C.S. Lewis
2 July 1949Thanks for your most kind and comforting letter—like a touch of a friend’s hand in a dark place. For it is much darker than I feared. W’s trouble is to be called ‘nervous insomnia’ in speaking to Janie and others; but in reality (this for your private ear) it is Drink. This bout started about ten days ago. Last Sunday the doctor and I begged him to go into a nursing home (that has always effectively ended previous bouts) and he refused. Yesterday we succeeded in getting him in; but alas, too late. The nursing home has announced this morning that he is out of control and they refuse to keep him. Today a mental specialist is to see him and he will be transferred, I hope for a short stay, to what is called a hospital but is really an asylum. Naturally there is no question of a later Irish jaunt for me this year. A few odd days here and there in England is the best I can hope for.
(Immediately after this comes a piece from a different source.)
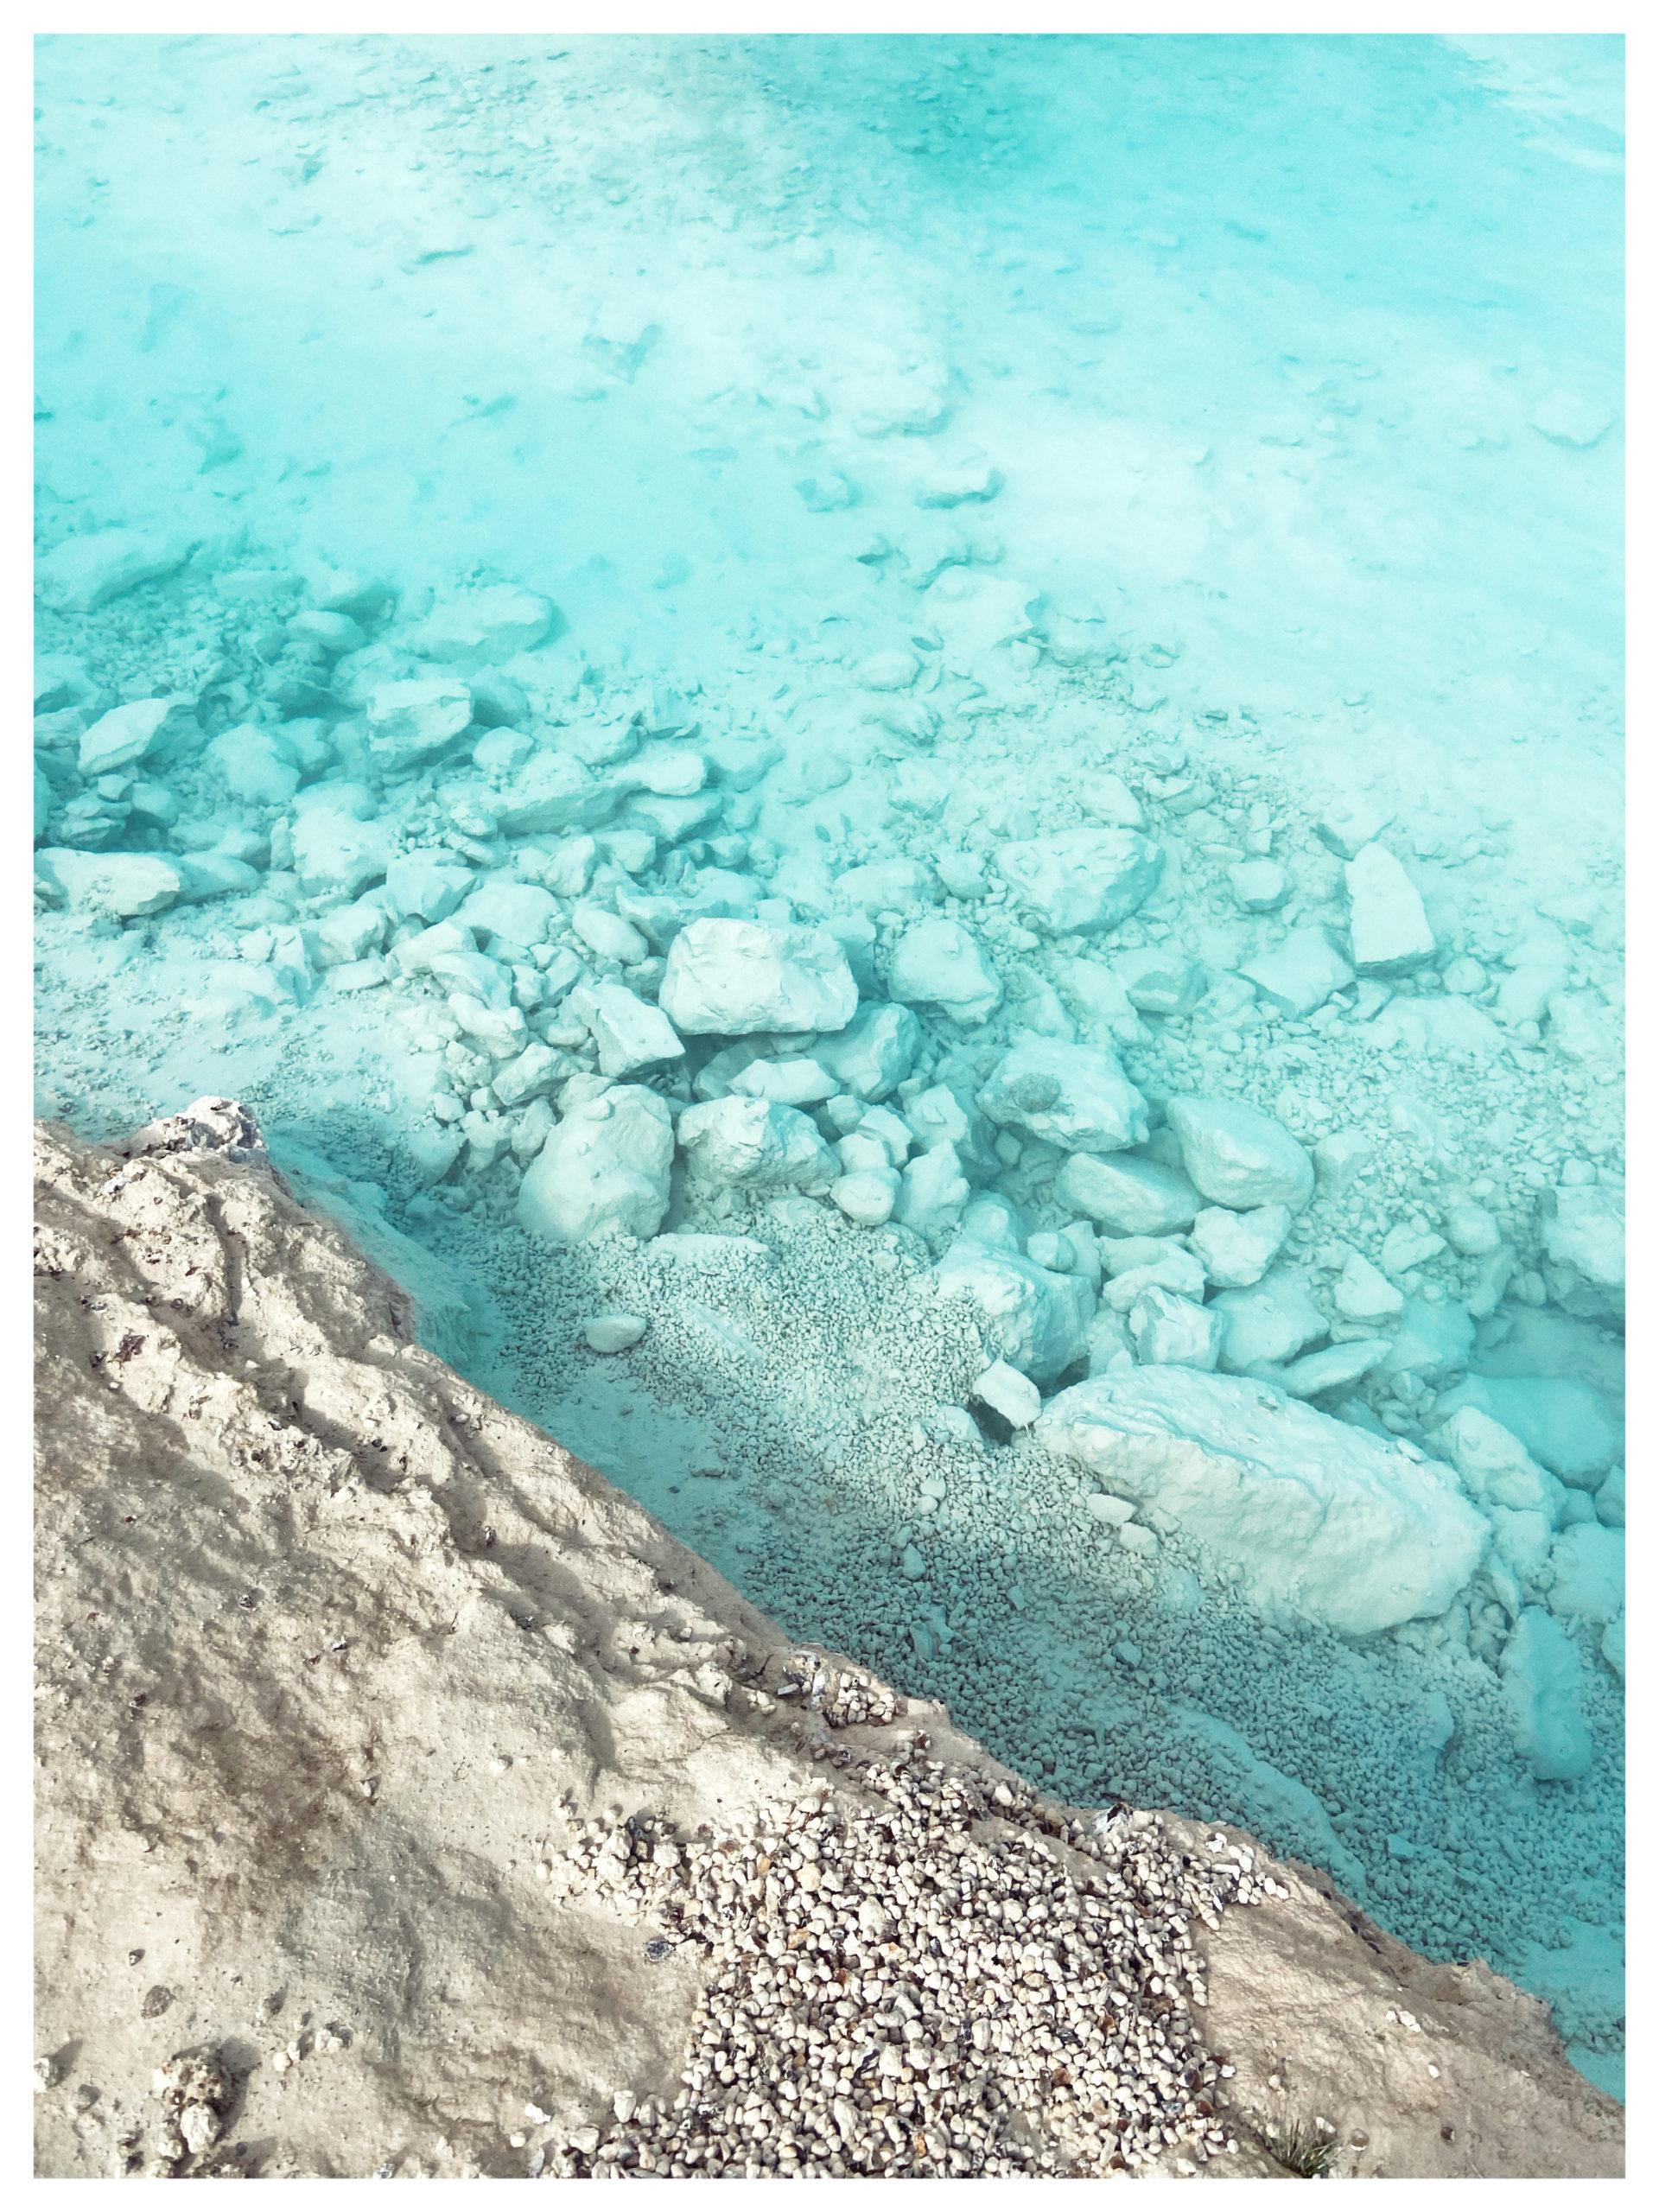 Krystalklart vand i Faxe Kalkbrud - Fotograf: Tenna Fonnesbo

Don’t imagine I doubt for a moment that what God sends us must be sent in love and will all be for the best if we have grace to use it so. My mind doesn’t waver on this point; my feelings sometimes do. That’s why it does me good to hear what I believe repeated in your voice—it being the rule of the universe that others can do for us what we cannot do for ourselves and one can paddle every canoe except one’s own. That is why Christ’s suffering for us is not a mere theological dodge but the supreme case of the law that governs the whole world; and when they mocked him by saying, ‘He saved others, himself he cannot save,’ they were really uttering, little as they knew it, the ultimate law of the spiritual world.